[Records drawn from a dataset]
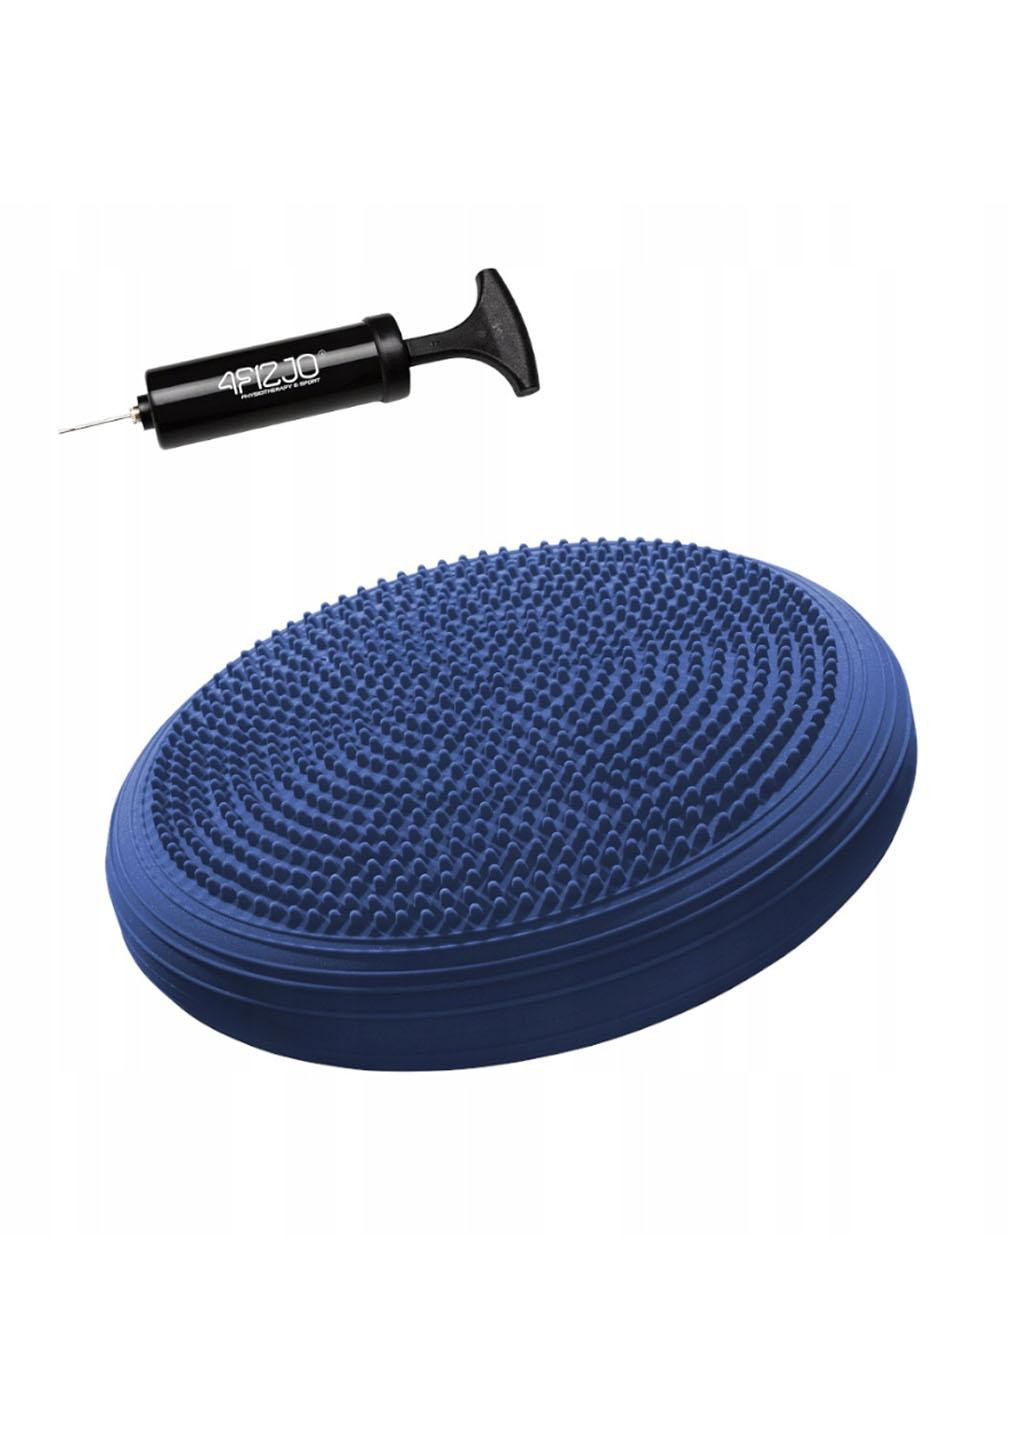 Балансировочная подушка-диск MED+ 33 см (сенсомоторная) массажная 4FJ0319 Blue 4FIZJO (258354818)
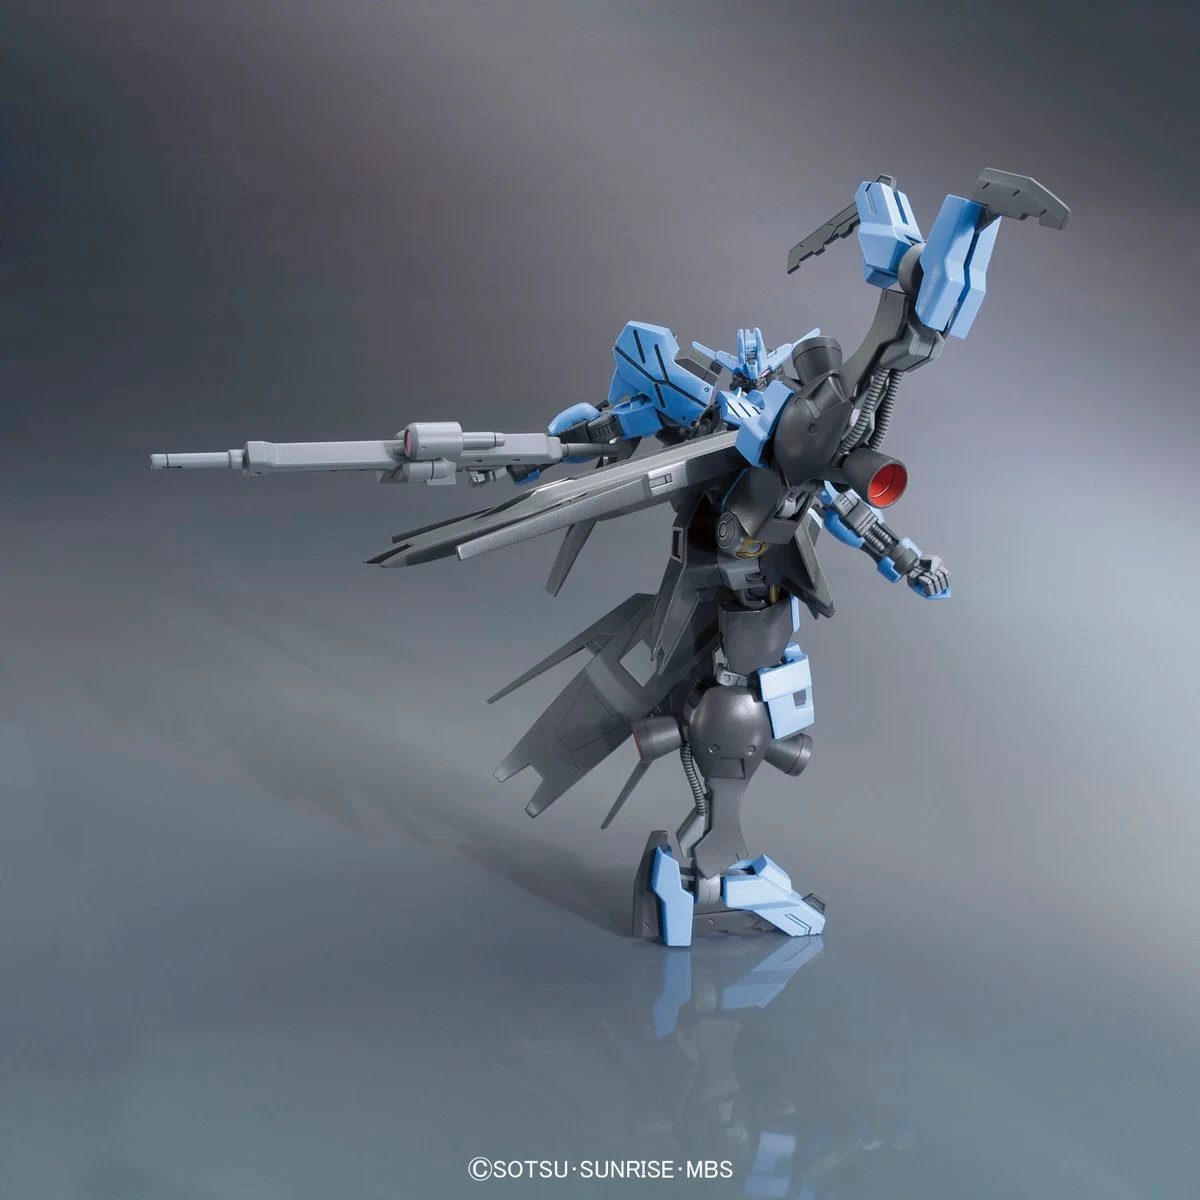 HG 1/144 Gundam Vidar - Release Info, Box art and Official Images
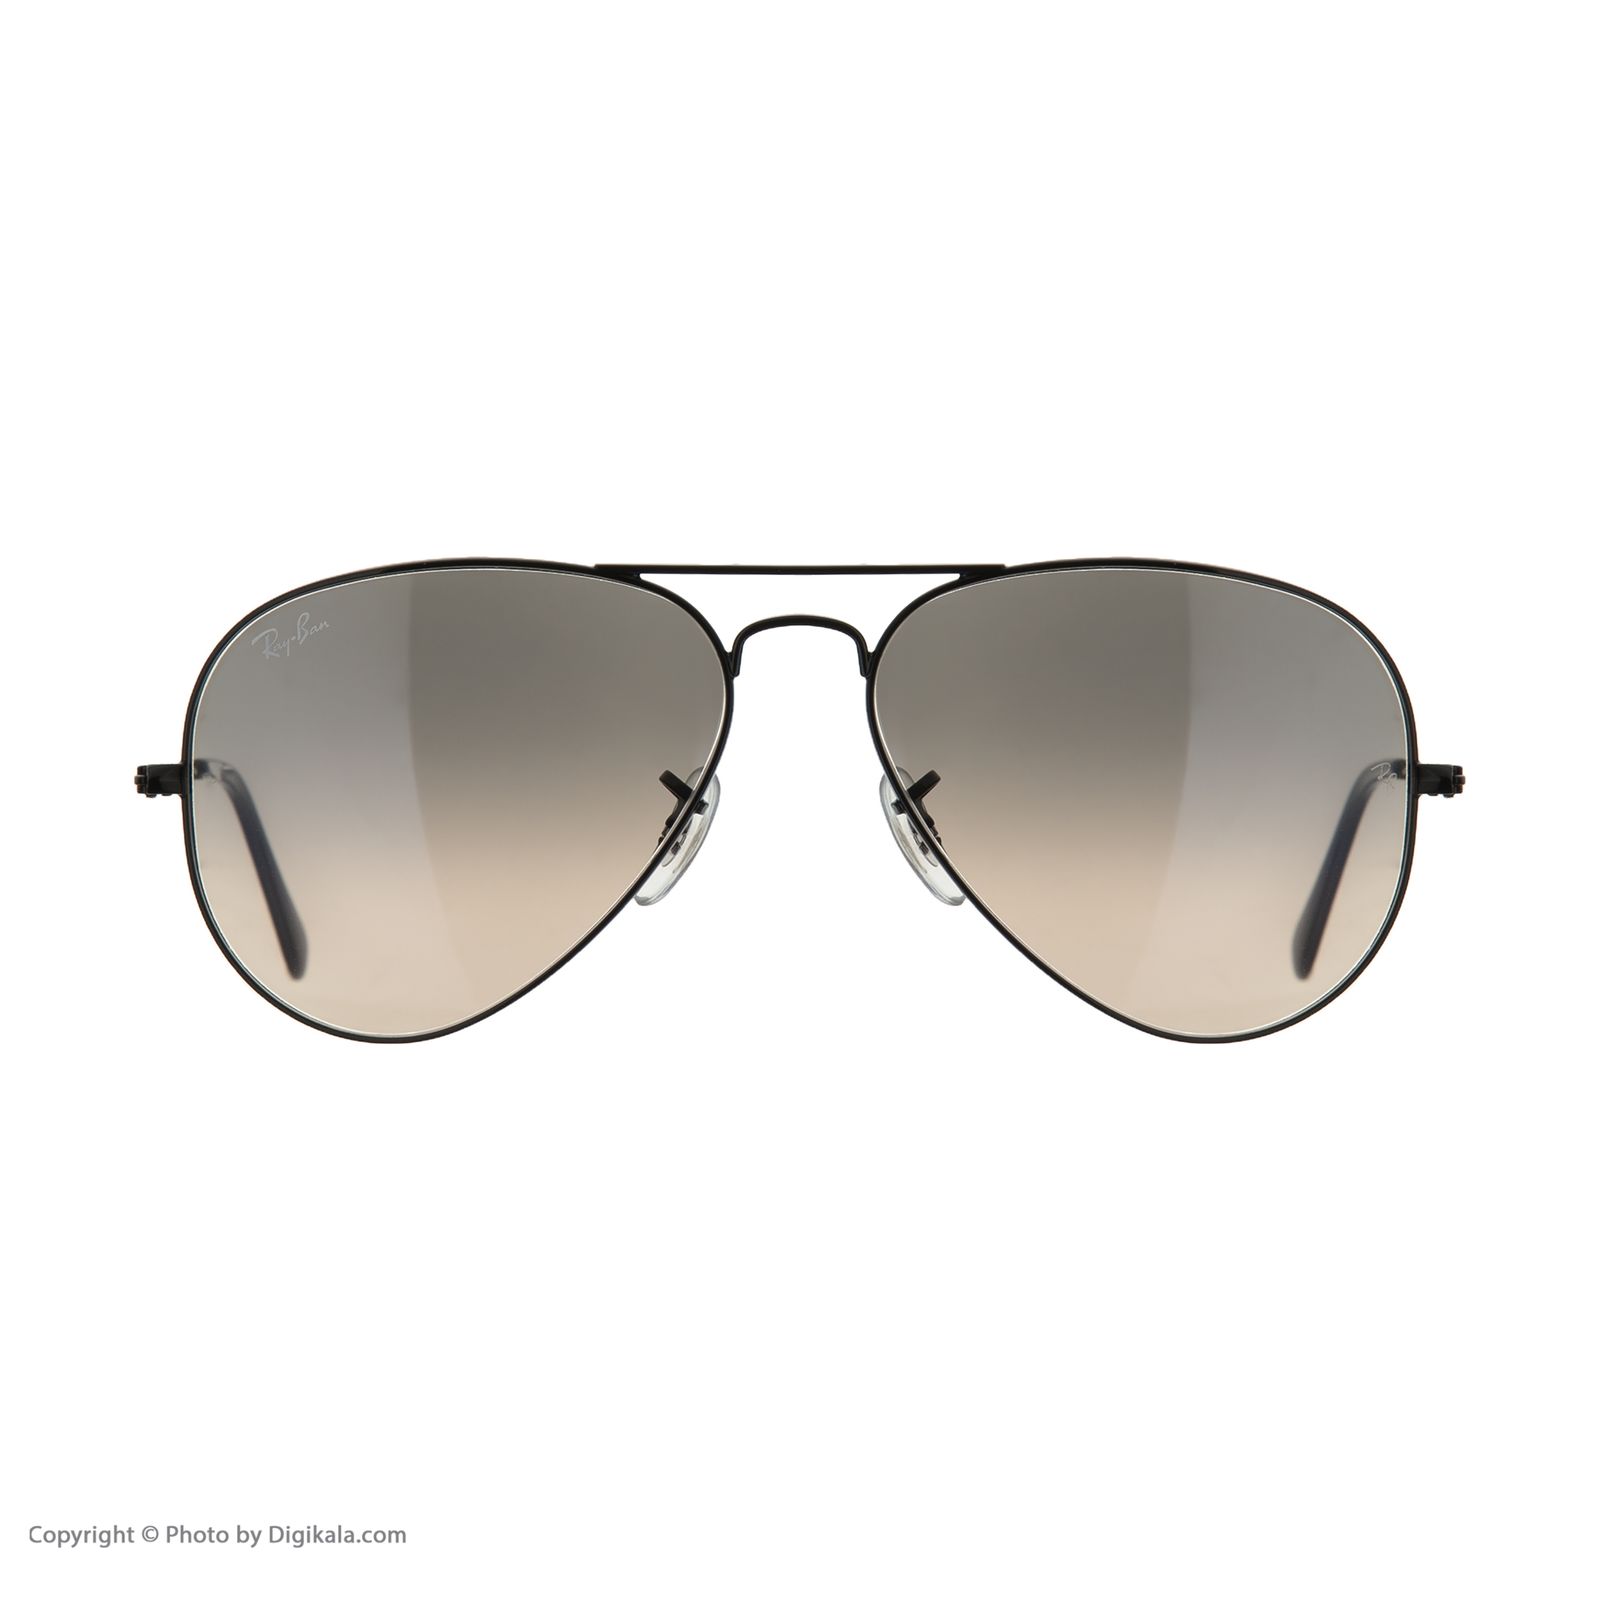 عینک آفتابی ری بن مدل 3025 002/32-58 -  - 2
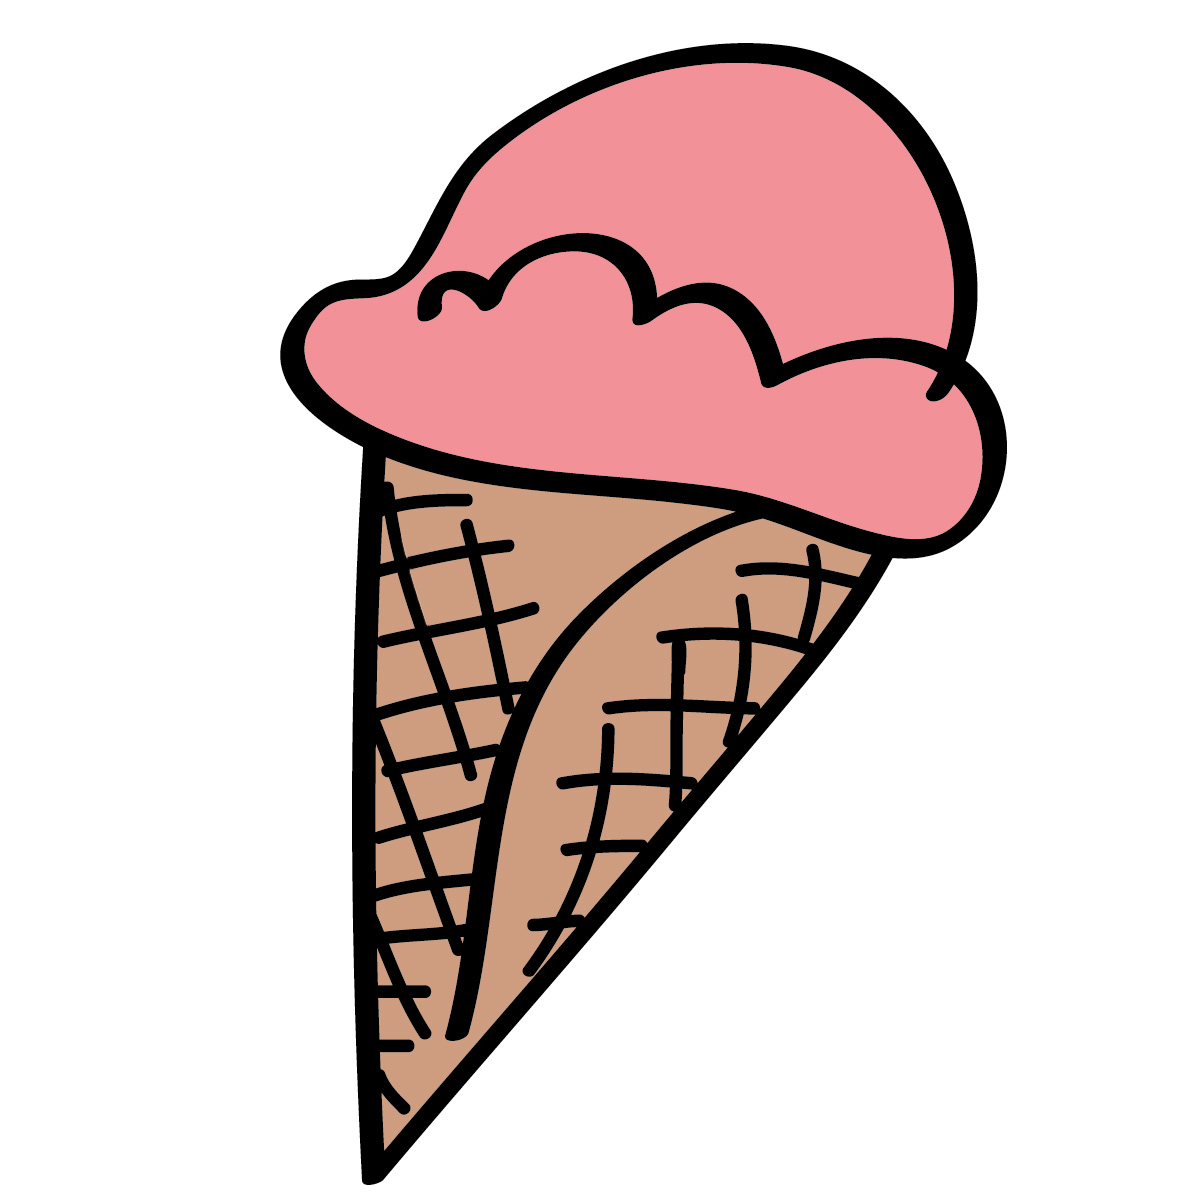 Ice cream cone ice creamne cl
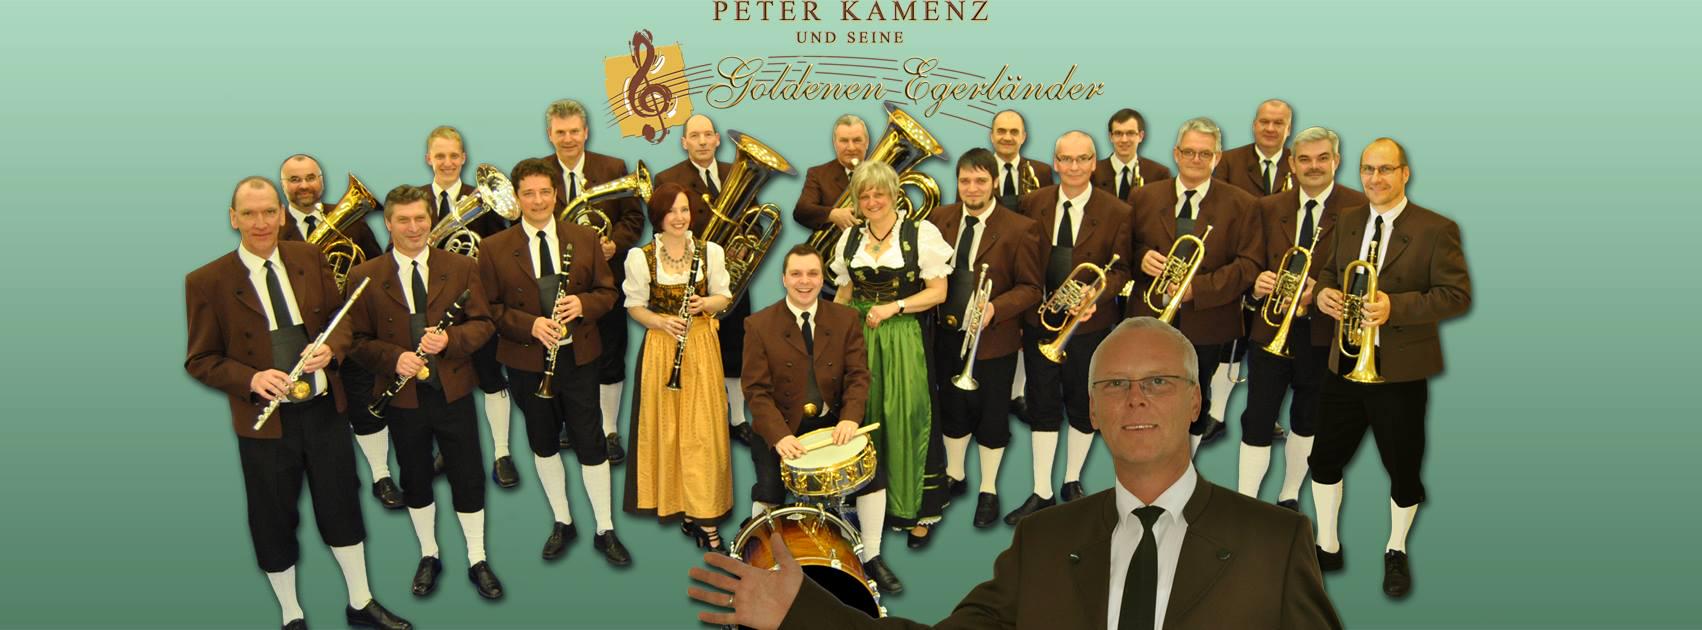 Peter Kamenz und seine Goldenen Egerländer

## [Task details]
Without the pictures, reproduce every record exactly as it appears above.

## [Result of this task]
 Балансировочная подушка-диск MED+ 33 см (сенсомоторная) массажная 4FJ0319 Blue 4FIZJO (258354818)
 HG 1/144 Gundam Vidar - Release Info, Box art and Official Images
 عینک آفتابی ری بن مدل 3025 002/32-58 -  - 2
 Ice cream cone ice creamne cl
 Peter Kamenz und seine Goldenen Egerländer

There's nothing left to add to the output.